The alternative architecture is likely an ingest firehose which is then indexed, with associated complexity and latency. You'd have to string together multiple data systems like a message queue, a metadata database, and blob storage and/or an OLAP database.
Here the only dependency is S2, which has an open source version you can self-host called s2-lite (https://news.ycombinator.com/item?id=46708055).
How it works:
- one S2 stream per browser session
- large rrweb events (like a full snapshot) get framed across multiple binary S2 records and reassembled on read
- active sessions are tailed with an S2 read session, and bridged to the browser over SSE
- session listing relies on stream names encoding reverse timestamps, as S2 returns a lexicographic order listing
- relying on fencing tokens so a stopped session can't be written to again by a late recorder
- retention and GC are handled via S2 stream config, so no background job needed
Curious to hear from folks on the tool or the stream-per-session model!
How does this compare to e.g. OpenReplay, which looks quite similar?
OpenReplay is much more mature and full-featured, RePlaya is just the core session capture, listing, and replay functionality. OpenReplay has more dependencies, so self-hosting means running a full stack: Postgres, ClickHouse, Redis, and its backend services. RePlaya is one stateless Node process plus S2 (or self-hosted s2-lite).
very cool. session replays are so crucial for understanding new features qualitatively, especially before you have enough users for useful quantitative metrics.
ballpark, how much does this cost to run?
Thanks! And agreed, session replays can be really useful to understand user behaviour such as product edge cases.
On cost, it's running the collector Node app (I'd expect a few $ per month at low volume), and the S2 stream backend.
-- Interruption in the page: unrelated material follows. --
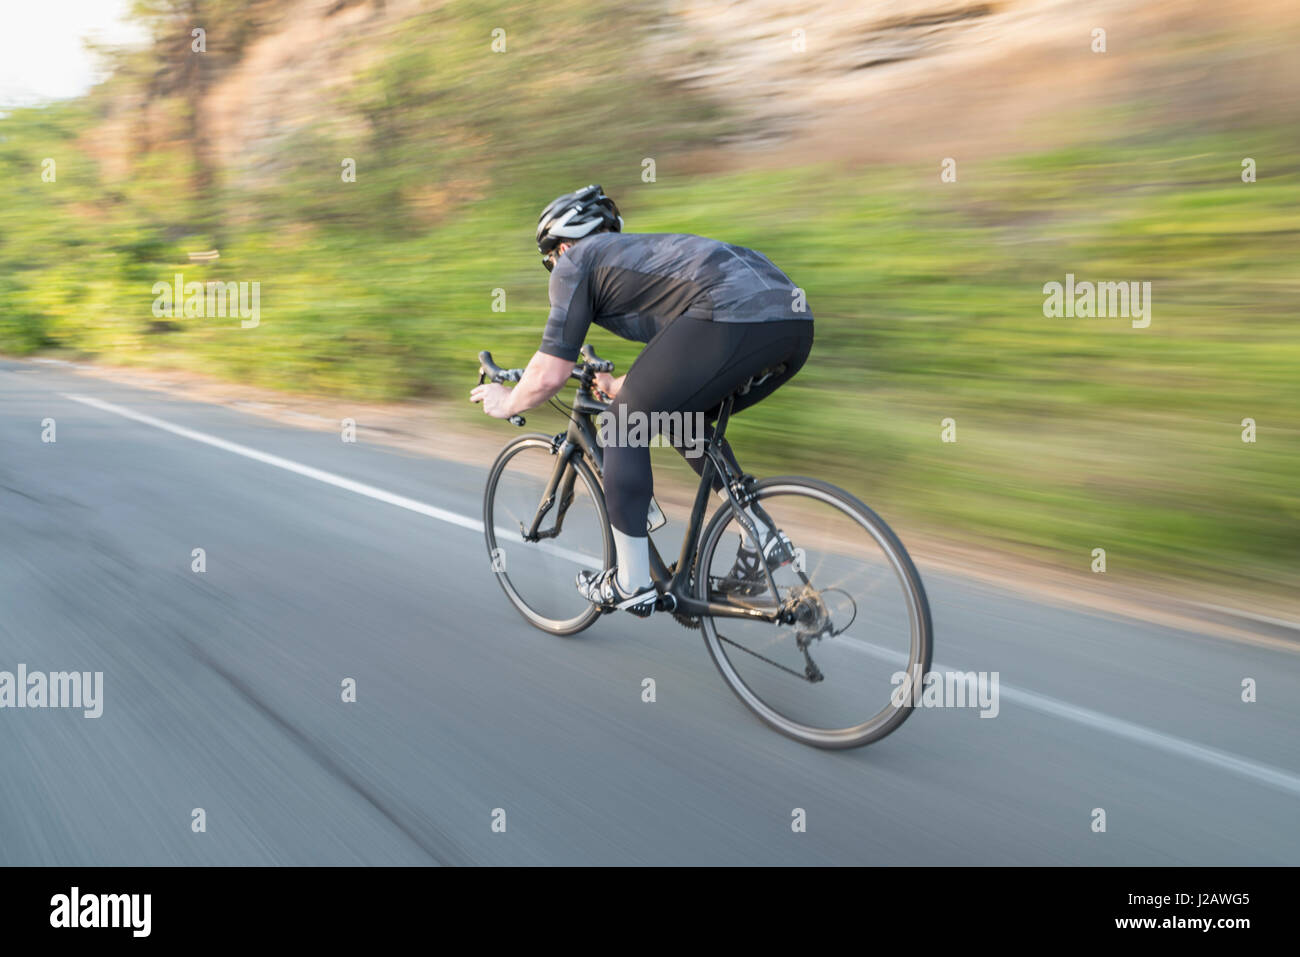 Blurred motion view of man cycling on country road Banque D'Images

If you use the S2 cloud service, cost is basically just the rrweb bytes. The rates are $0.075/GiB to write, $0.05/GiB-month to store, $0.10/GiB to read back over the internet. See s2.dev/pricing.md for an agent-friendly summary.
Assuming a typical few-minute session is ~1 MiB of events, ingesting it, storing it a month, and replaying it a couple of times (unlikely!):
1k sessions/mo ≈ $0.35
10k sessions/mo ≈ $3.50
100k sessions/mo ≈ $35